DAWN CHEN: The story began with the day I joined Google. So, back the 2007, I did the interview. The one of the interviewers asked me a question, say, oh, looks like you have a lot of experience working on the grid computing, utility computing. And actually we are doing the same thing at Google. And we're doing that for production.

The reason she asked, she mention this one, is because at that time I work in the Veritas software and in the research lab. We are working on something similar like the Borg-- or Kubernetes, today, but it is always stuck at the prototyping stage, always in the research project.

So, because Veritas Software provide the software, so they don't provide the IT work and all those kind of things. So I was really, really tied up in the research lab working on something cannot really deliver, help the real people. So I said, oh, really! I'm really interested.

So then she said, oh, if you are interested, please just tell the-- if Google recruits you, Google hire you, and please tell the people talk to you. So that's how I end up to working at Borg team. And which it is the internal version of the Kubernetes, back then, in the 2007.

So, when I joined the Borg team, I supposed work on the scheduler. Just like what I worked on the Veritas Software. The first day I met the team, and I met Paul Menage, who is one of the inventor of the cgroup. And then he mentioned to me what he's working on.

Then he also mentioned, are you interested in a system programming? I said, yes, I'm interested in a system programming, because I never worked on those areas. And also because I work on the research project.

One of the reason we couldn't roll out our prototype to the production is because we don't know how to manage those work node, on the node, Back then, there is no container technology. So he described those kind of things to me and really inspired me.

So I said oh, I want to work on the node instead of the scheduling algorithm. This is how I started working on this.

CRAIG BOX: And so you've been working all the way through on node agents for 11 years, now.

DAWN CHEN: When I first started, Borg is pretty small team. I think just maybe just roughly, like, six combined Borg master and also node agent. Entire team, we only have the six, seven people. And the second people join the team to work on the node. But, at the same time, I also work on the master. So we basically didn't really distinguish node and master at back then. But I quickly switched to focusing on the node, because there are so many new stuff there and is the innovation.
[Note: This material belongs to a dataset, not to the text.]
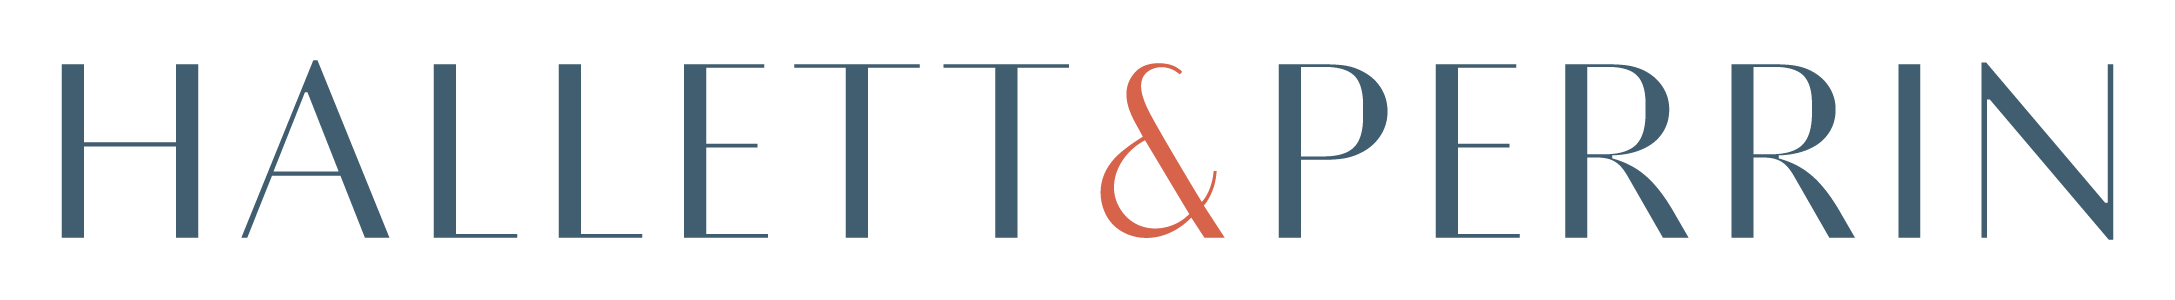 Corporate Sponsor logo

CRAIG BOX: What was it like, at the time when cgroups were being invented and Paul and Rohit who came up with the concept?

DAWN CHEN: There's no such things called "cgroup," [LAUGH] back then. So, when I first joined, my first work at Google actually is called the "process tracking." So basically there's for the Borg. And users submitted their task. And my job and then each job they have their own gid. And my job is to use the Linux kernels NetLink connection and listen to those things and figure out how each process, each thread it is elong to which gid.

So then we group them together and use procfs system to figure out their CPU resource usage and also memory usage. And also I remember that's after my first job about process tracking, and the second job, it is how I'm going to adjust CPU usage, by using niceing technology, which is really, really old.

But I do know that, back then, that Paul Menage and Rohit Seth is working on memory management. So they proposed those kinds of things. So I've been really inspired and really lucky to working with those really intelligent, smart engineer and on the first version of the memory management, which is totally different from today's MCG.

ADAM GLICK: When you talk about cgroups, where was the first place that that was used in production?

DAWN CHEN: I believe the first one is using it is Google and at Borg. So, right after, before even the cgroup concept, even the memory cgroup management's being accepted by upstream kernel. And Google internal production had already started working on the roll-out. The first version we are work, the memory cgroup, we are called the fake NUMA cgroup. We basically cut the node and the machine, the memory, into the big chunk and assigned to the group of the process.

So that is the first things in Google production. Also I believe that's the first kind of using kernel cgroup in the industry.

CRAIG BOX: This is technology that started allowing Google to run more work on fewer machines-- is the way that we talk about this. Do you think it took a while for the rest of the community to realize what it was that cgroups were and to start adopting this technology outside of Google?

DAWN CHEN: Yes. Even Google, actually, when we first using cgroup, we didn't really think about it as to what we end up to today. Right? So we also learn over like, the in production. We have the feedback. This is kind of the really good-- you create certain things and new tech knowledge, and you try, and you help your production issue. But then the production actually help you, by provide abundant of the feedback. So you iterate, and it gets better.

And cgroup is perfect example, in this case. So, when I first joined Google, actually Borg is just released to the first class data center. And so not many people believe in Borg, not even many people believe in the cgroup yet.

So, back then, also, there's no cgroup. I just mentioned that. I'm using process tracking, to track those work. So we spent a lot of time convince people and more production services to switch to using Borg to do the orchestration. And also batch-work node, MapReduce work node, all those kind of things switch to using cgroup and using the Borg orchestration.

And then end up to, there is the perfect time Google realize actually we can pack more work node into a cluster, into a single node. And then we can increase our utilization dramatically.

ADAM GLICK: What did the Borg team think of LXC, when it was released?

CRAIG BOX: Were you paying attention to what was happening outside of Google?

DAWN CHEN: We do have some conversation between each other. And we both attend to the Linux Plumbers Conference and other conference together. So we are really glad to see the cgroup concept being well accepted by other parties, other organization, and also by Linux community in general. Back then we talk about some out-of-memory management and name space and all those kind of ideas together.

But it didn't really goes over well until Docker leveraged the container technology and make that flying and really take off into the cloud industry. That is the moment to change everything.

CRAIG BOX: So, around that time, we actually released our own internal container runtime. It was called "Let Me Contain That For You," or LMCTFY." That's a complicated name. Who is to blame for that?

DAWN CHEN: Actually Tim Hockin created that name.

CRAIG BOX: Ah, that says it all really.

DAWN CHEN: [LAUGH] Yeah! I-- I trust his taste.

[LAUGHTER]

But I always have trouble to call the name, so I always have to start with the long sentence, "Let Me Contain That For You."

CRAIG BOX: What was the impetus to release that as open-source?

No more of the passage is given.